Lack of funding limiting SMEs’ ability to seize EU market


Due to lack of financial support and technical know-how, small- and medium-sized enterprises (SMEs) are unable to meet large demands from the European Union (EU) market, according to the team leader at Compete Ghana Technical Assistance, Nicholas Gebara.

“It is quite challenging when a client from the EU makes a big order; most SMEs are not able to meet such demands since they produce in relatively small quantities,” he said.

He entreated SMEs to organise themselves and be well-structured to meet the EU’s market requirements, suggesting that more collaboration between government and the private sector is needed to help SMEs take advantage of export opportunities in the EU.

Mr.
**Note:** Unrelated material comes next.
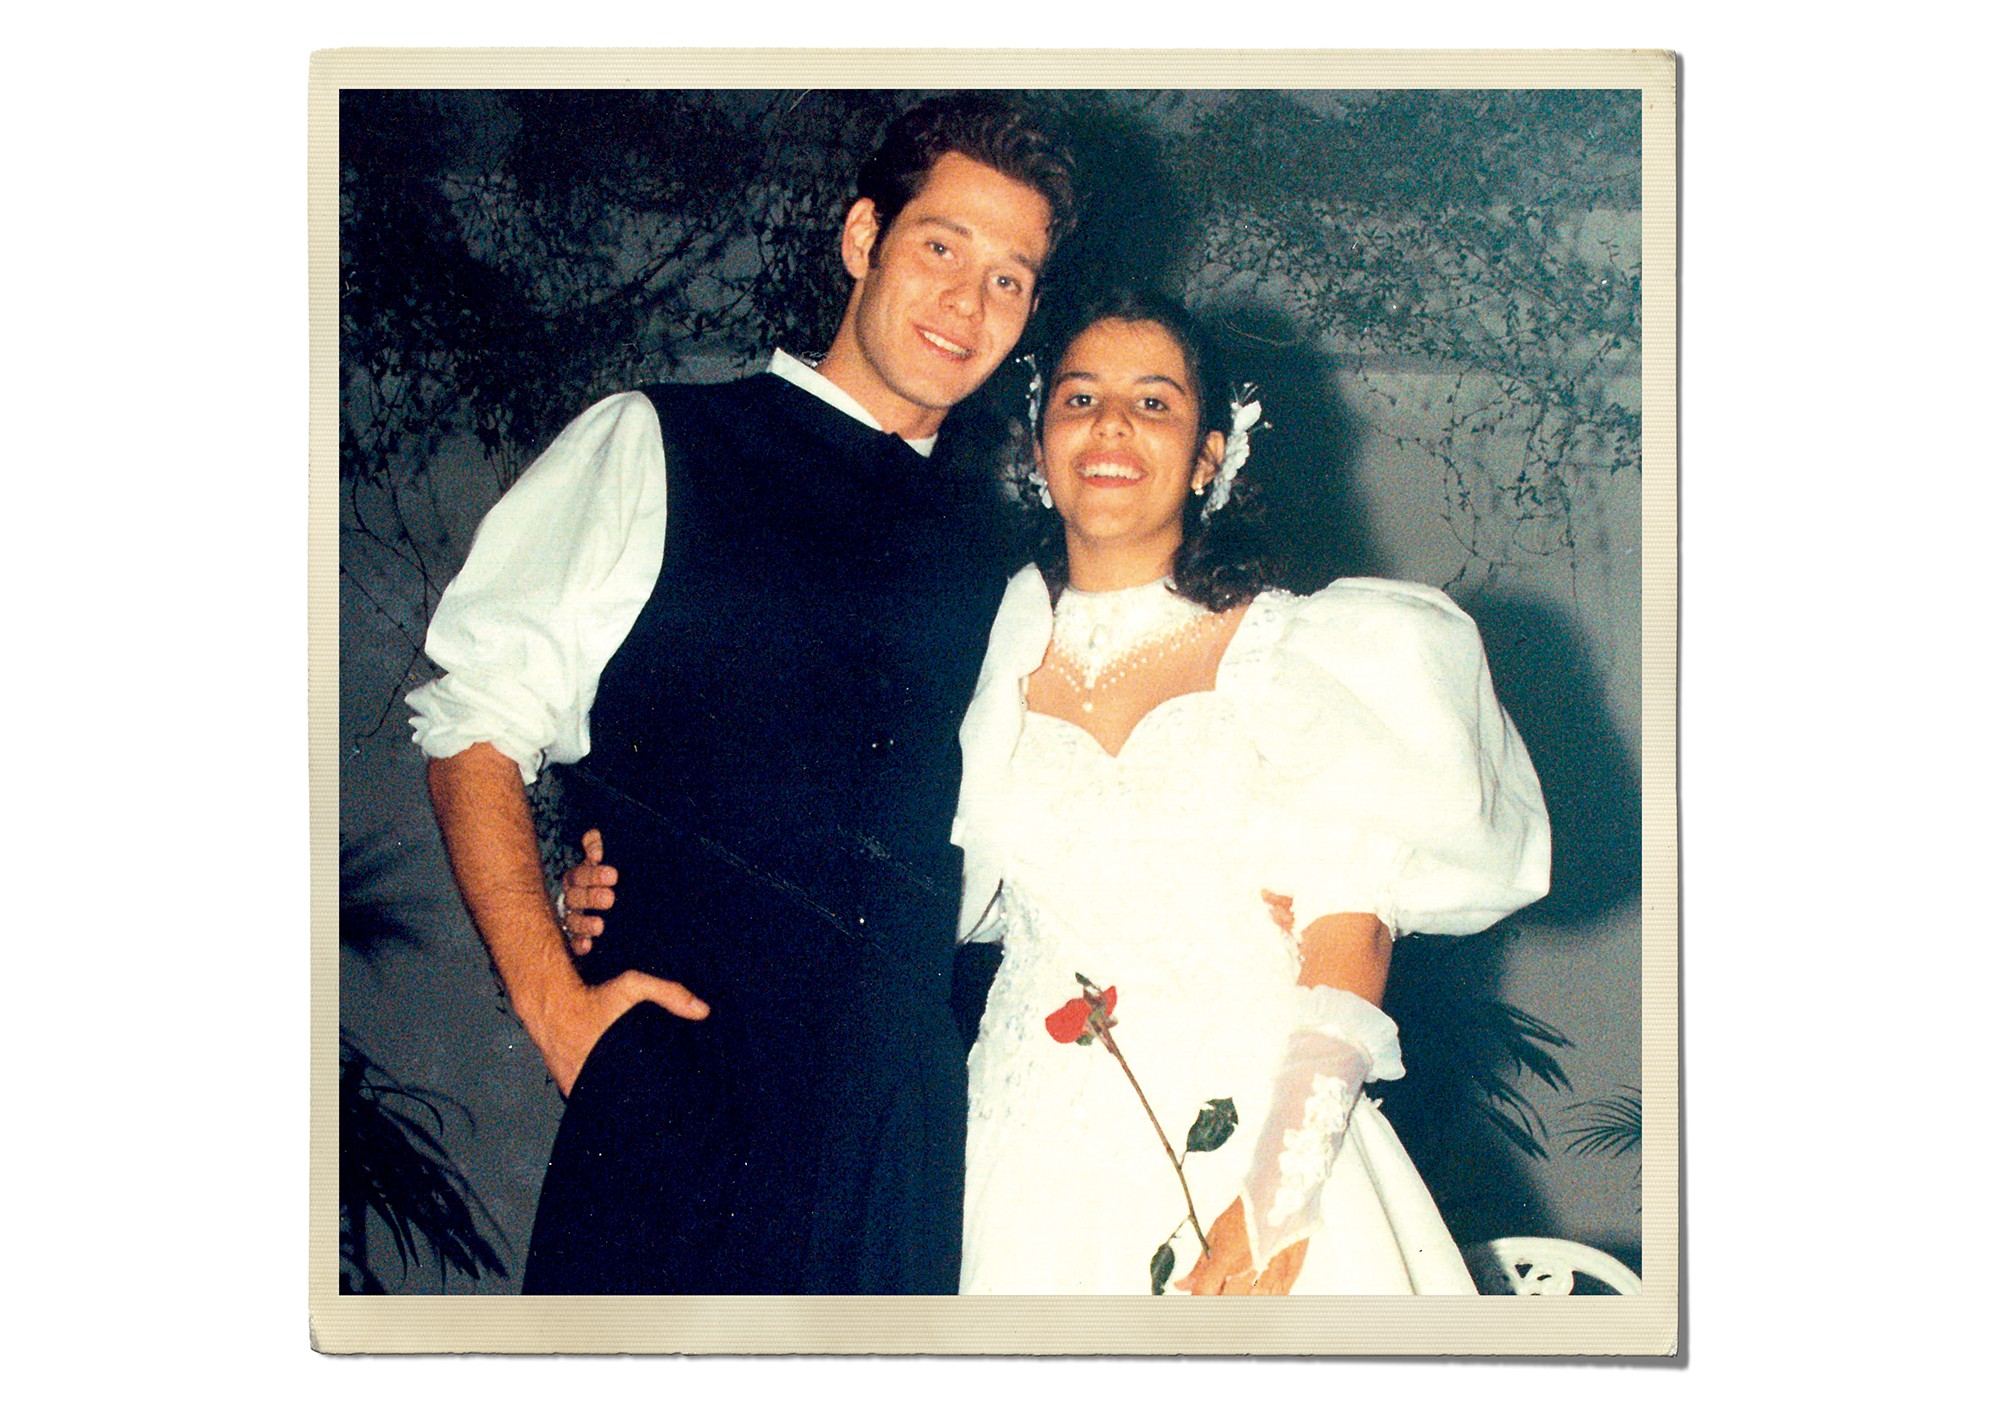 Quando éramos príncipes: O ator Nico Puig com Erika Duarte no baile que abalou a cidade de Vassouras (RJ) em 1994 (Foto: acervo pessoal)

Gebara indicated that collaboration would help build capacity, encourage easy access to financial support and training for SME owners.

The team leader shared these concerns and suggestions with journalist at the Compete Ghana Programme’s closing ceremony.

The Compete Ghana Programme, funded by the EU through the Ghana-European Interim Economic Partnership Agreement (iEPA), built the capacity of 40 traders from large companies and SMEs. It also sought to encourage them to leverage benefits of the iEAP.

The programme was at two levels: institutional – building the capacity of public institutions to streamline the regulatory frameworks in relation to iEPA and guiding the private sector to meet requirements and benefits of the agreement; while the second level was working at the private sector level to promote benefits offered to them, and encourage local exporters to take advantage of export opportunities to the EU under the iEPA.

The iEAP agreement between Ghana and EU took off in 2016, and aims to create a more competitive trading relationship between the country and the EU.

Under it, EU companies are able to trade and invest in Ghana and produce goods for export to the wider African market – while the removal of tariffs on intermediary goods and machinery from the EU under the iEAP means cheaper inputs for Ghanaian production.

Commenting on the Compete Ghana Programme, Deputy Minister for Trade, Oheneba Nana Ama Dokua Asiamah-Adjei, said the programme is a demonstration of the power of partnerships – leading to enhanced trade capabilities and sustainable development opportunity.

“The Compete Ghana Programme has been instrumental in promoting innovation, enhancing competitiveness and creating a conducive environment for business to thrive,” she highlighted.